TASK OBJECTIVE
Nothing but the lines from the one that contains "5036 W Military" to the end of the records should be printed, both ends included, exactly as given.

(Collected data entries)
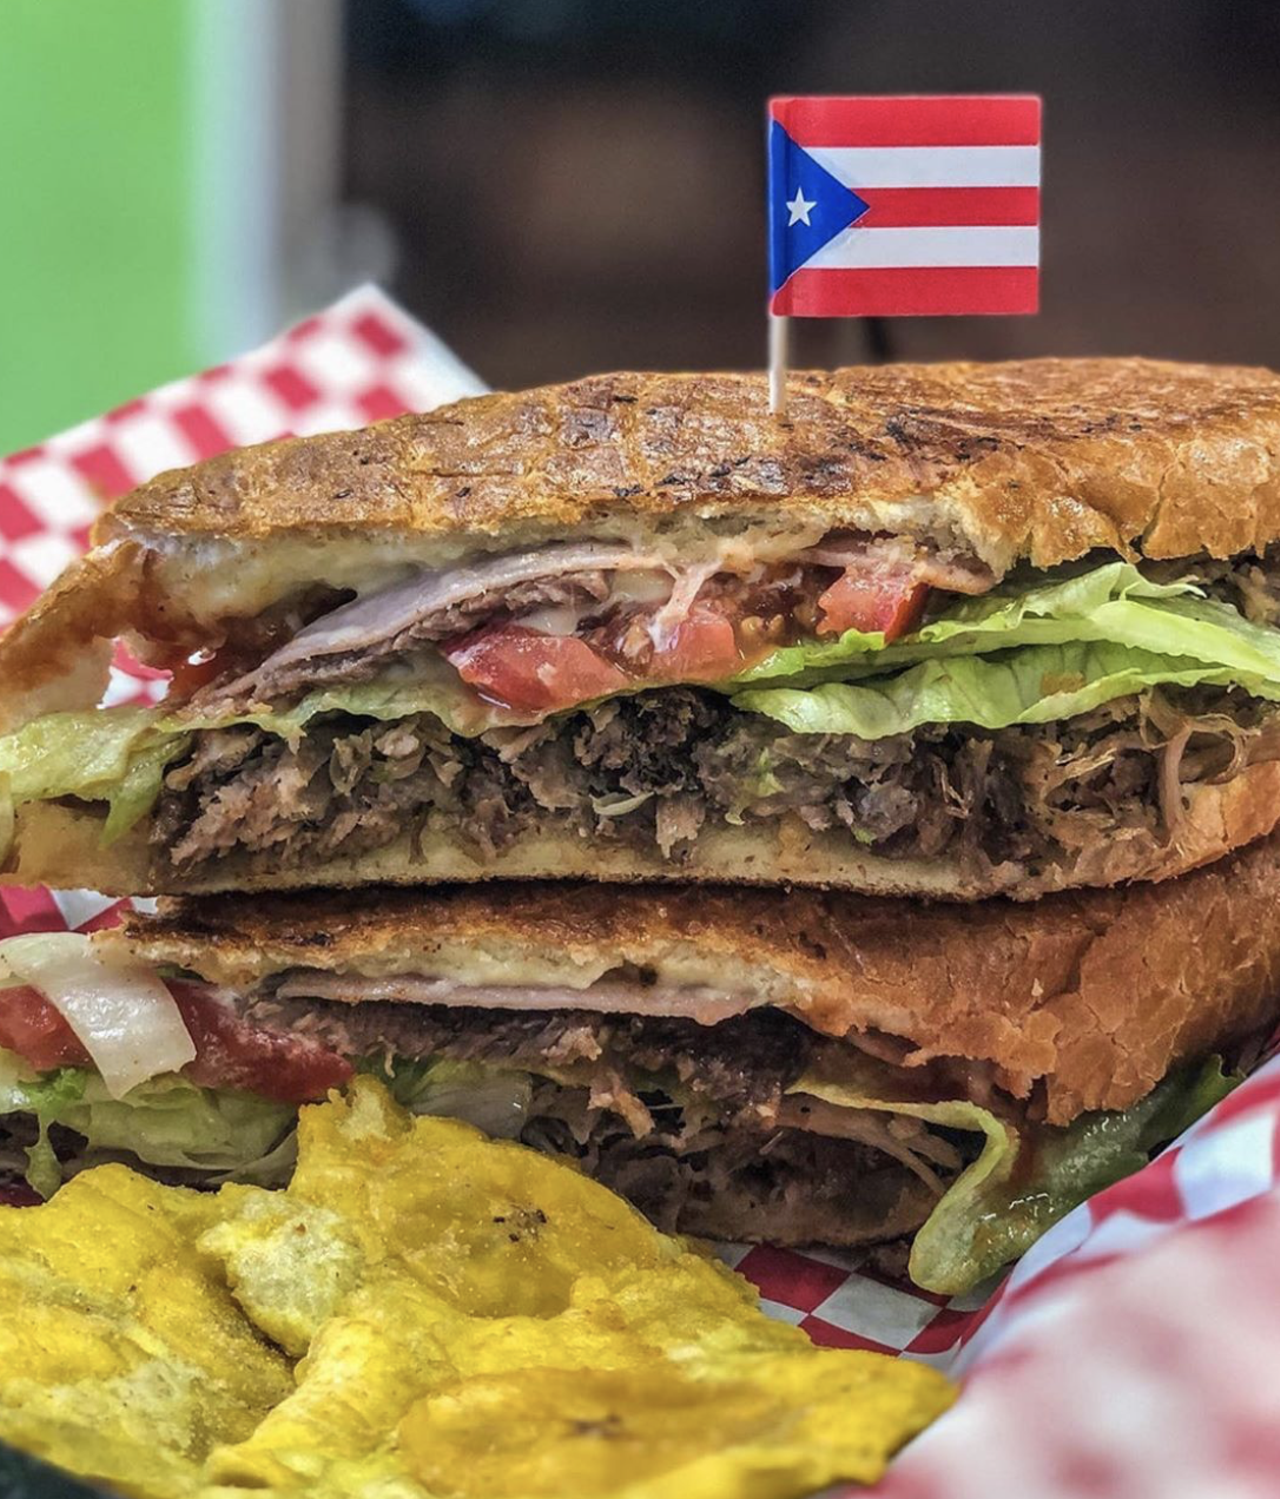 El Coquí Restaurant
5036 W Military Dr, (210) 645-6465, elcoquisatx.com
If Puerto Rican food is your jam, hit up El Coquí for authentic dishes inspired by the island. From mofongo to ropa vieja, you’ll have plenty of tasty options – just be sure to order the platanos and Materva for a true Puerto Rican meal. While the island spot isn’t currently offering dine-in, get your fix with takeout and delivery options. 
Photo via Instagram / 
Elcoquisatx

SOLUTION TO THE EXERCISE
5036 W Military Dr, (210) 645-6465, elcoquisatx.com
If Puerto Rican food is your jam, hit up El Coquí for authentic dishes inspired by the island. From mofongo to ropa vieja, you’ll have plenty of tasty options – just be sure to order the platanos and Materva for a true Puerto Rican meal. While the island spot isn’t currently offering dine-in, get your fix with takeout and delivery options. 
Photo via Instagram / 
Elcoquisatx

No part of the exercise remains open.